Gianni Panagiotou et al. Appl Environ Microbiol. 2009 Apr.

Abstract

Many filamentous fungi produce polyketide molecules with great significance as human pharmaceuticals; these molecules include the cholesterol-lowering compound lovastatin, which was originally isolated from Aspergillus terreus. The chemical diversity and potential uses of these compounds are virtually unlimited, and it is thus of great interest to develop a well-described microbial production platform for polyketides. Using genetic engineering tools available for the model organism Aspergillus nidulans, we constructed two recombinant strains, one expressing the Penicillium griseofulvum 6-methylsalicylic acid (6-MSA) synthase gene and one expressing the 6-MSA synthase gene and overexpressing the native xylulose-5-phosphate phosphoketolase gene (xpkA) for increasing the pool of polyketide precursor levels. The physiology of the recombinant strains and that of a reference wild-type strain were characterized on glucose, xylose, glycerol, and ethanol media in controlled bioreactors.
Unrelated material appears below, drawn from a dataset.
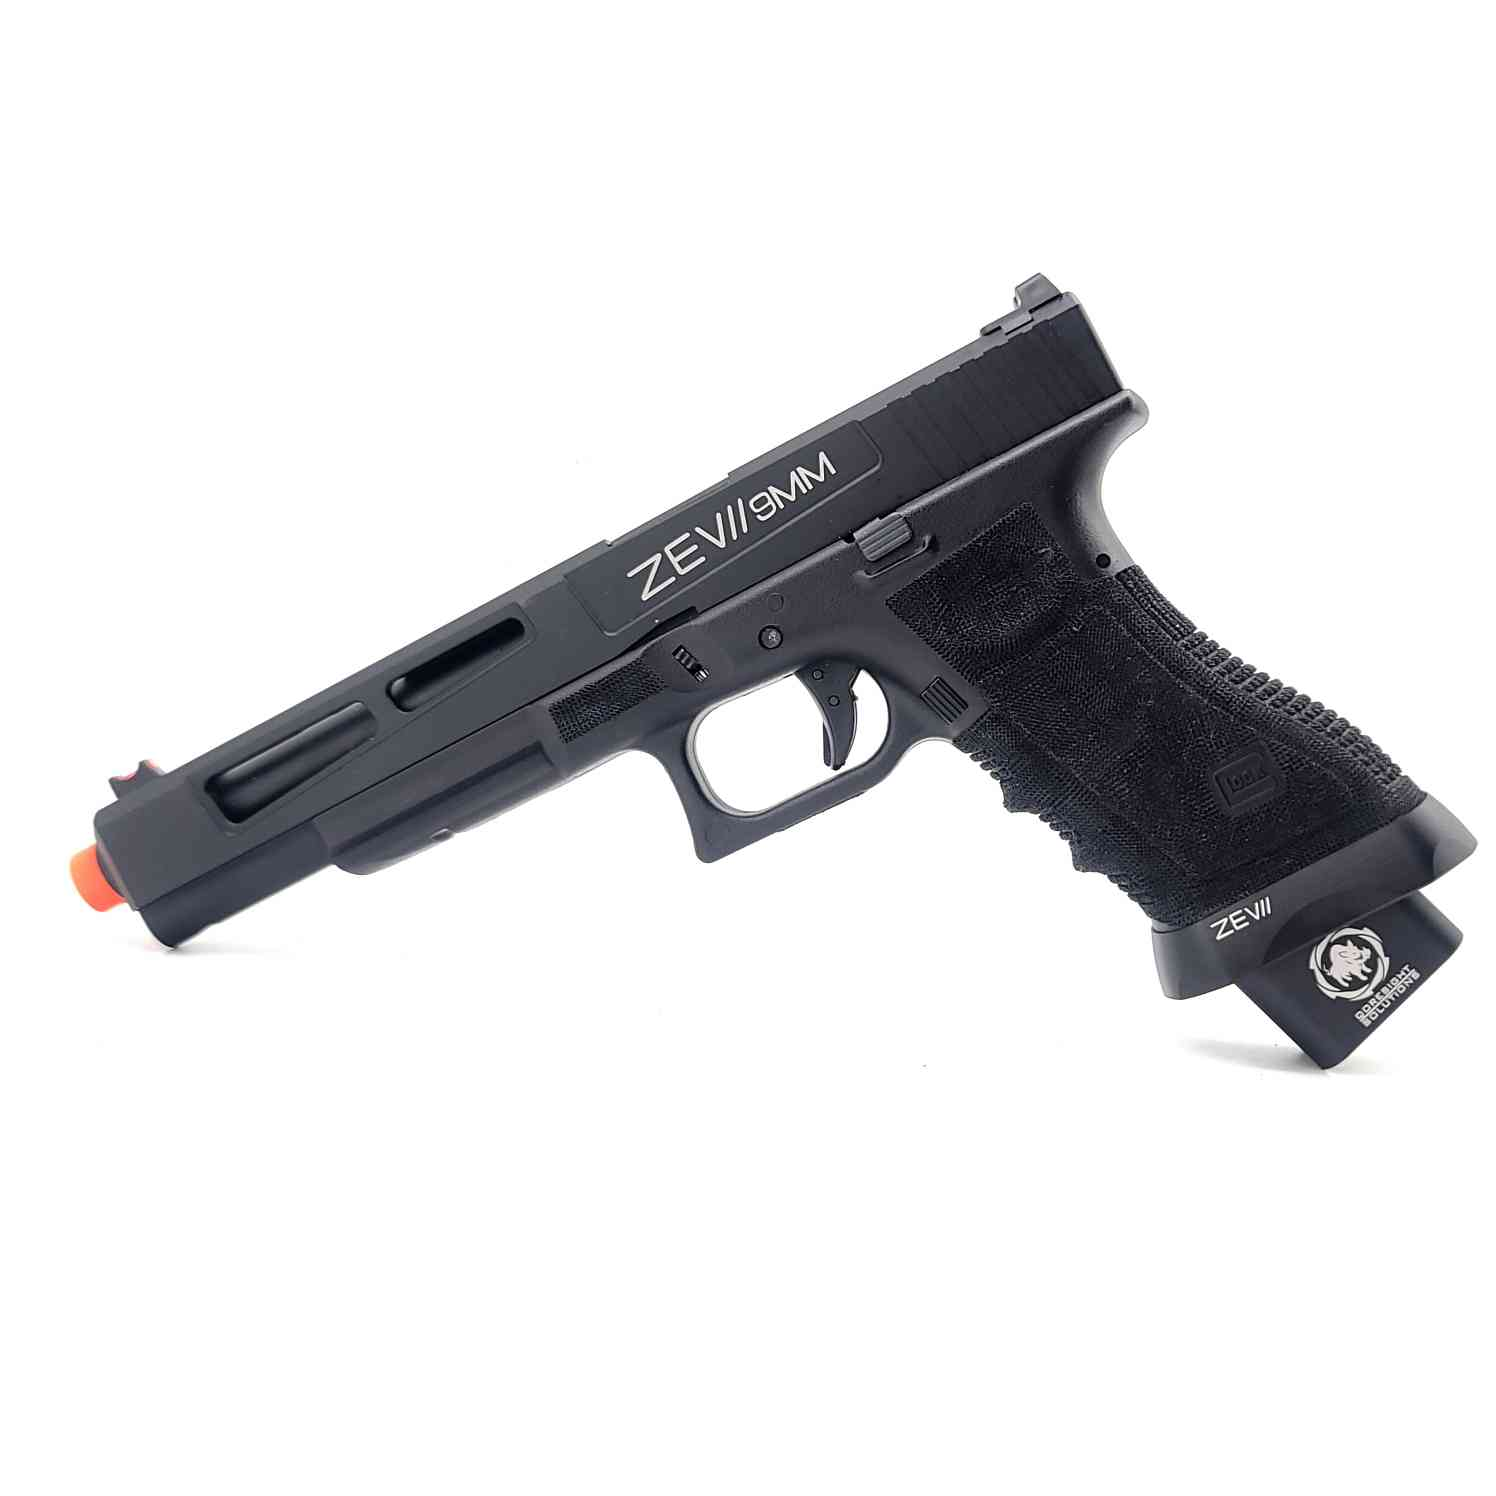 DOUBLE BELL Glock G17L ZEV II 9mm Combat Master Custom Gas Powered Gel Blaster [762]
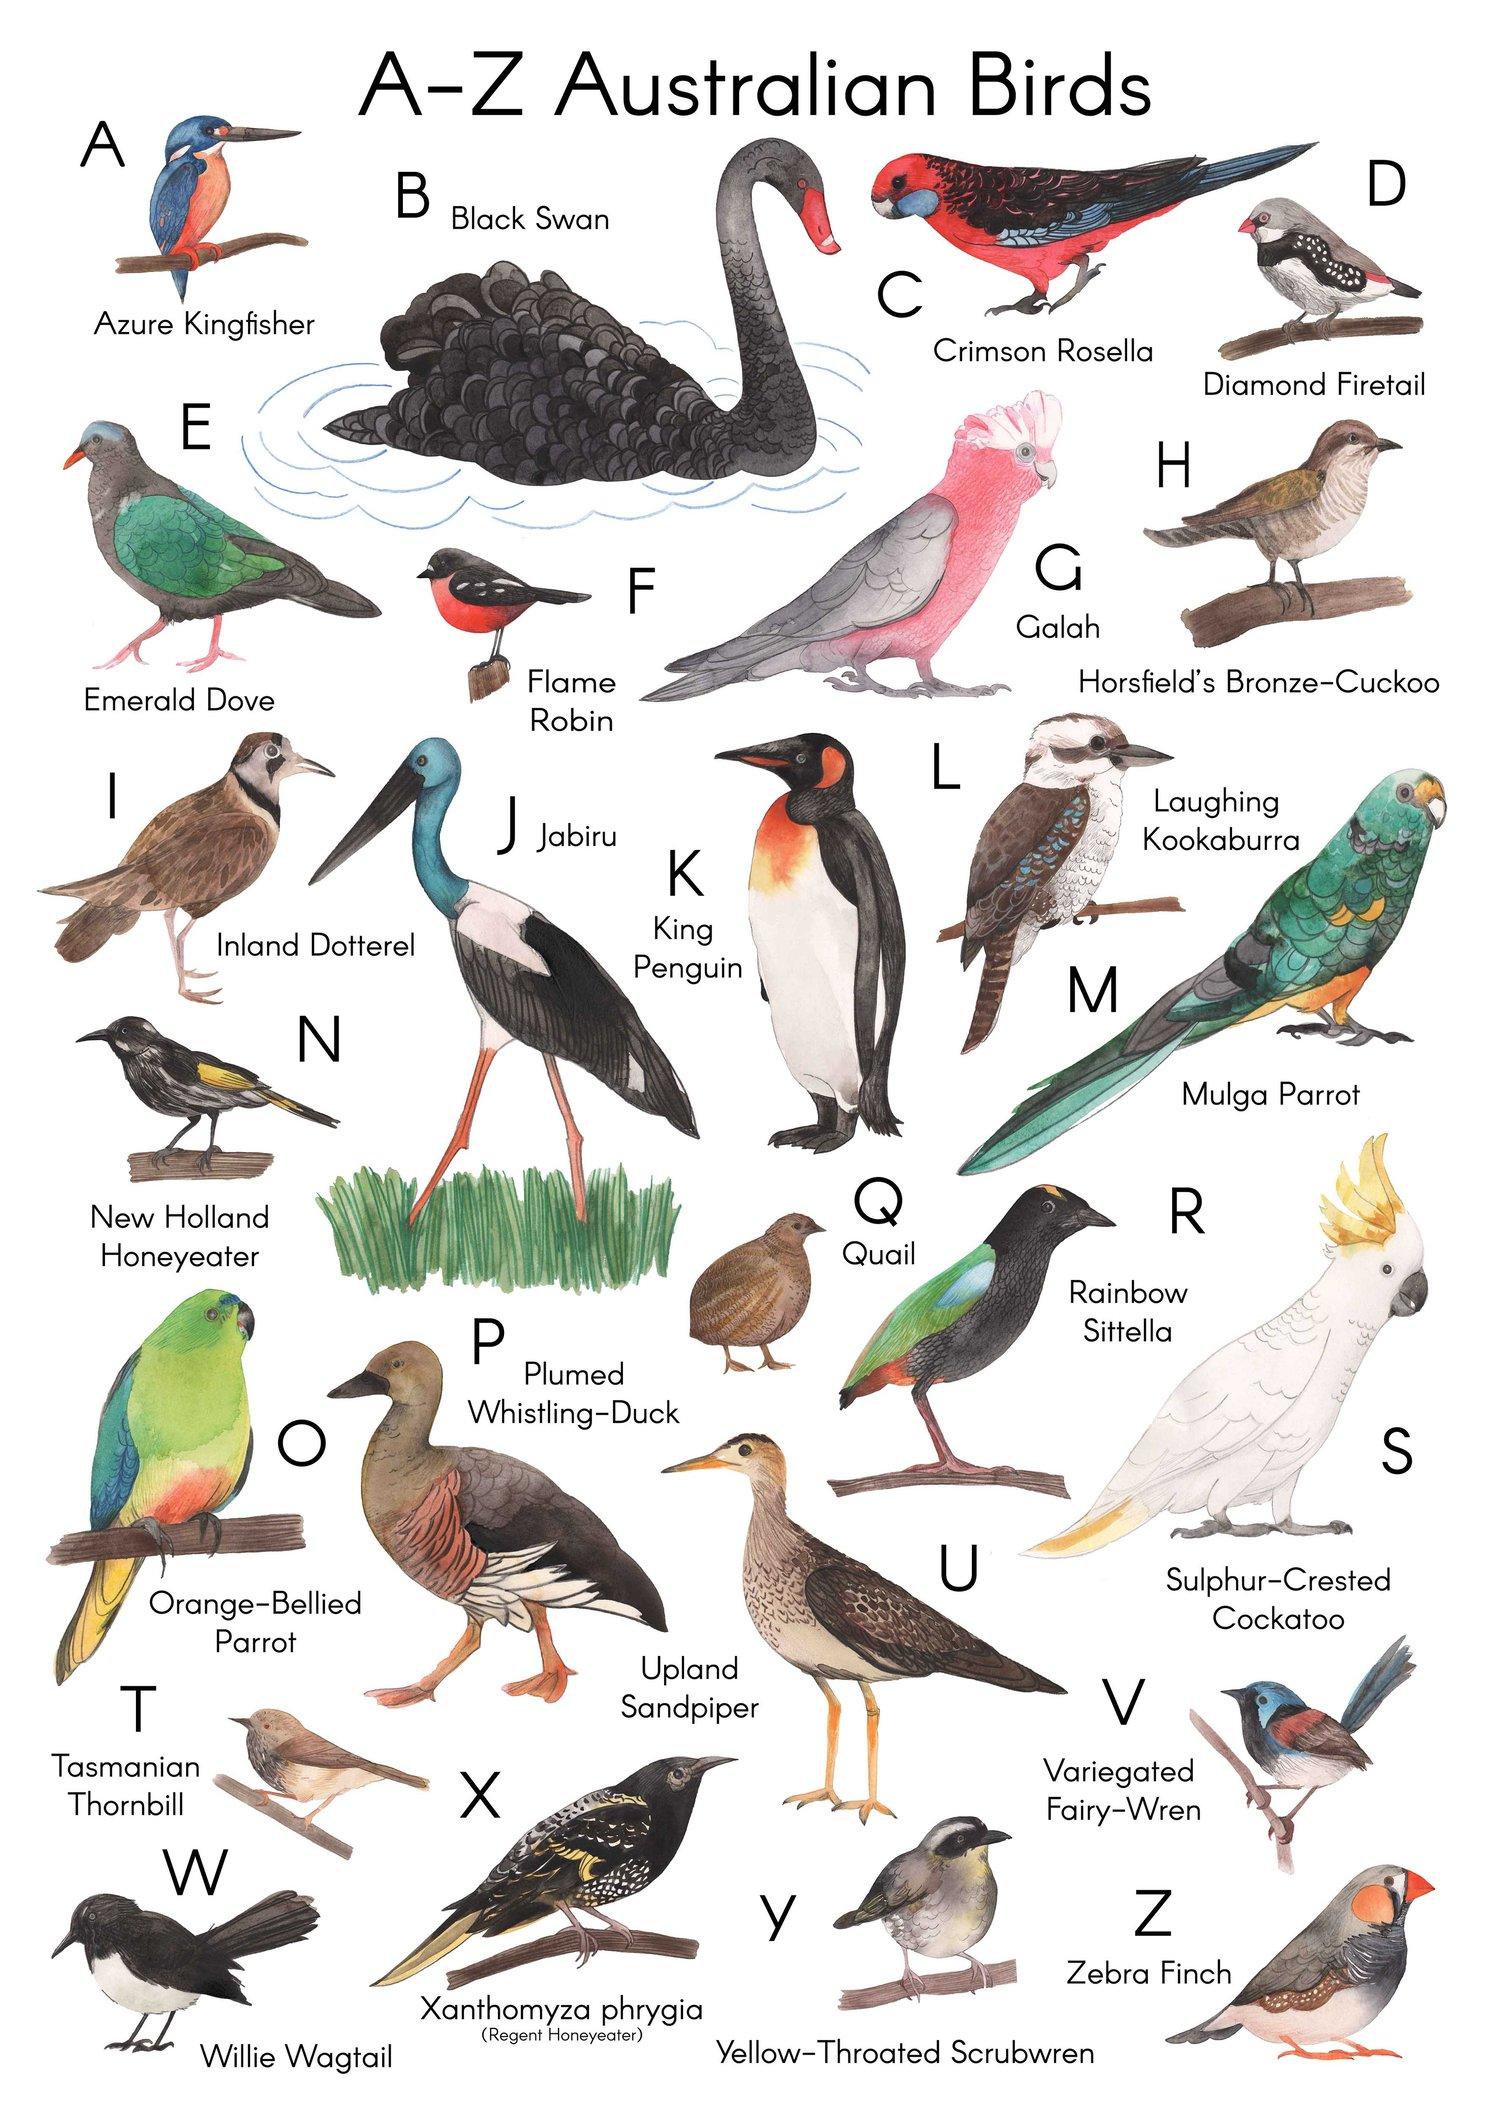 Image of A-Z Australian Birds

Glucose was found to be the preferred carbon source for 6-MSA production, and 6-MSA concentrations up to 455 mg/liter were obtained for the recombinant strain harboring the 6-MSA gene. Our findings indicate that overexpression of xpkA does not directly improve 6-MSA production on glucose, but it is possible, if the metabolic flux through the lower part of glycolysis is reduced, to obtain quite high yields for conversion of sugar to 6-MSA. Systems biology tools were employed for in-depth analysis of the metabolic processes. Transcriptome analysis of 6-MSA-producing strains grown on glucose and xylose in the presence and absence of xpkA overexpression, combined with flux and physiology data, enabled us to propose an xpkA-msaS interaction model describing the competition between biomass formation and 6-MSA production for the available acetyl coenzyme A.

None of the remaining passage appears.